● **SUPPLIED DATA**
---

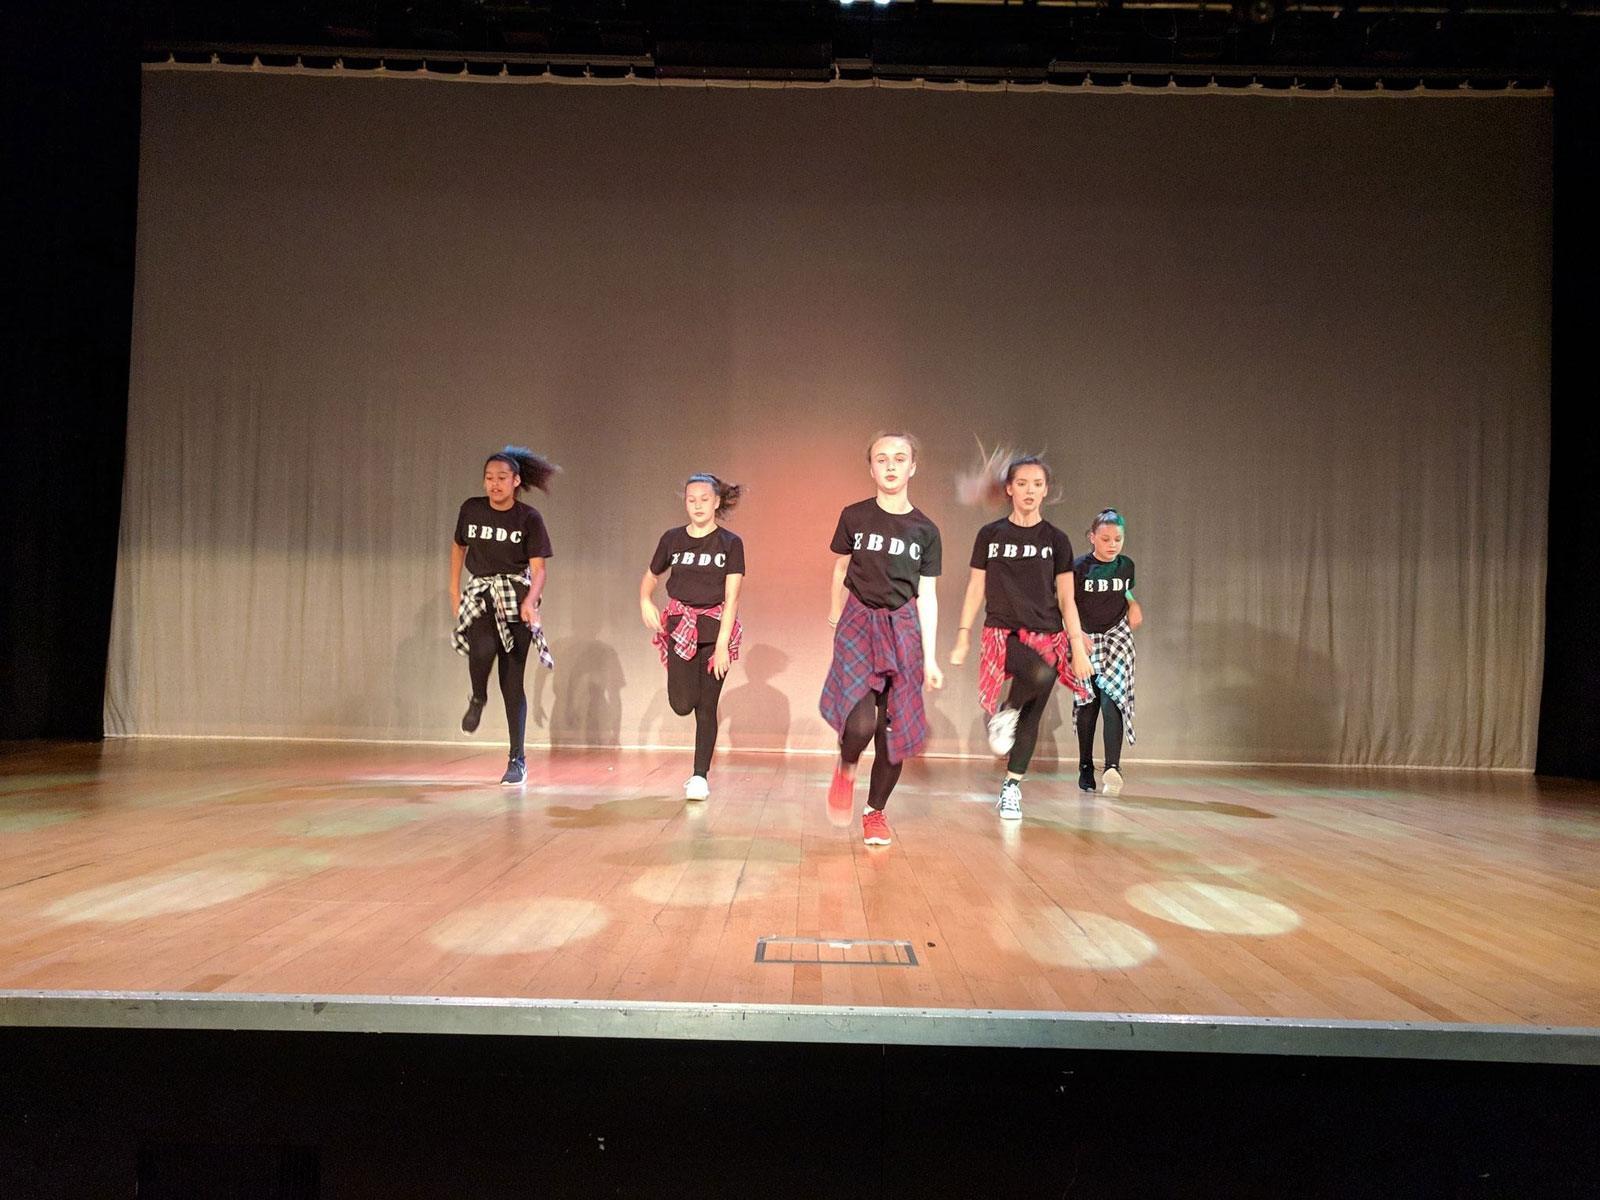 group dance stage show peterborough elizabeth boardman dance company ebdc
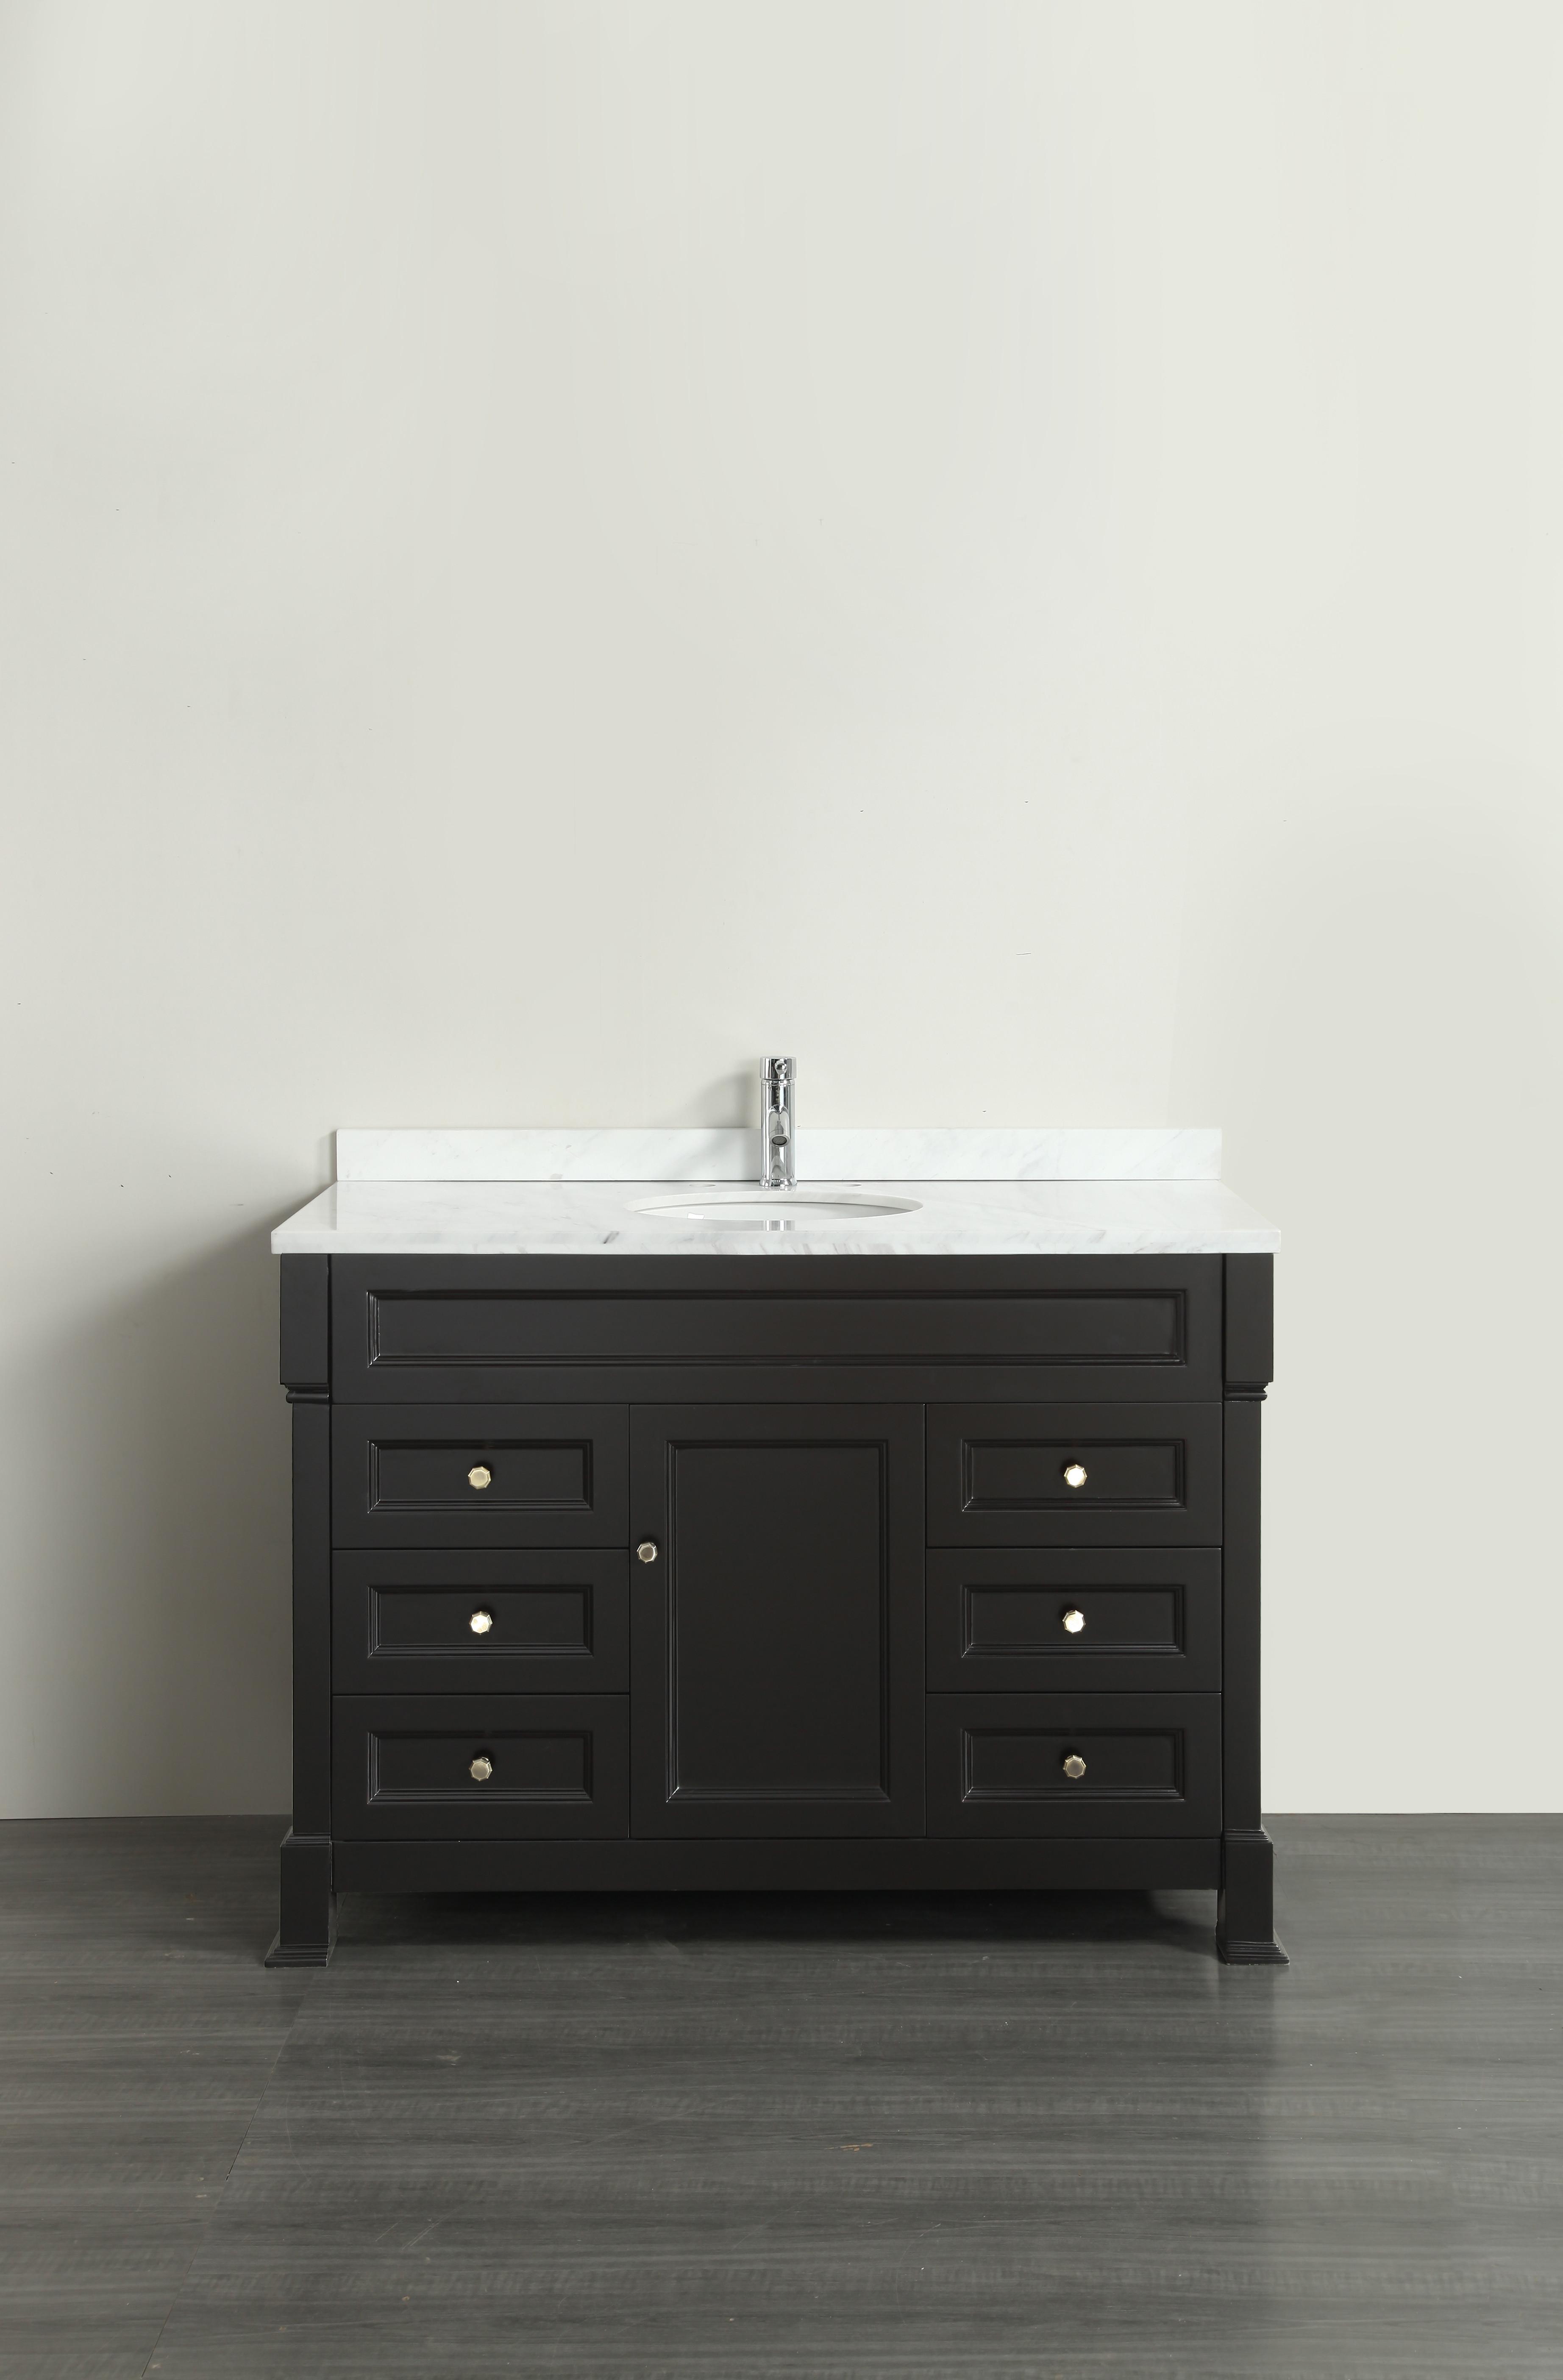 Eviva EVVN78-48ES Tim Espresso Bathroom Vanity with White Carrera Counter-top & Porcelain Sink
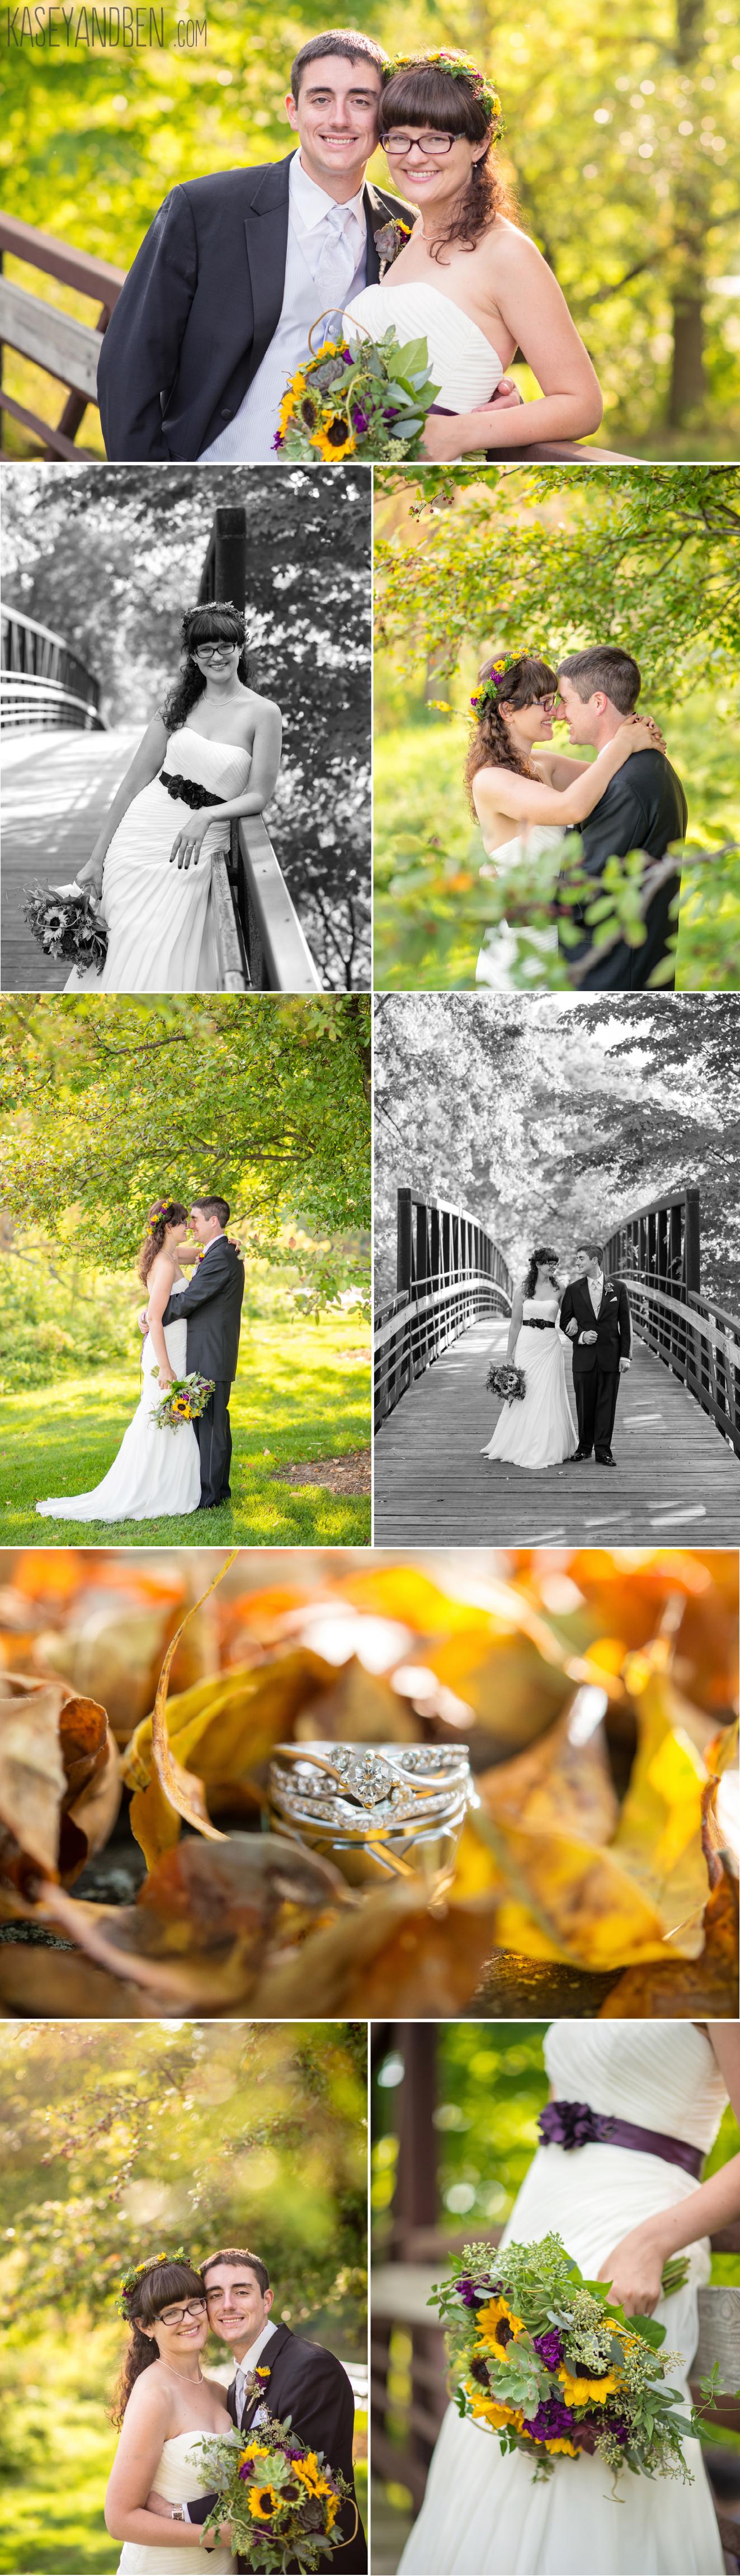 Green-Bay-Wedding-Photographer-Fall-Autumn-September-Resurrection-Church-Green-Isle-Park2

---

● **WHAT IS EXPECTED**
Word for word, restate the material above; do not carry over the pictures.

● **EXERCISE SOLUTION**
 group dance stage show peterborough elizabeth boardman dance company ebdc
 Eviva EVVN78-48ES Tim Espresso Bathroom Vanity with White Carrera Counter-top & Porcelain Sink
 Green-Bay-Wedding-Photographer-Fall-Autumn-September-Resurrection-Church-Green-Isle-Park2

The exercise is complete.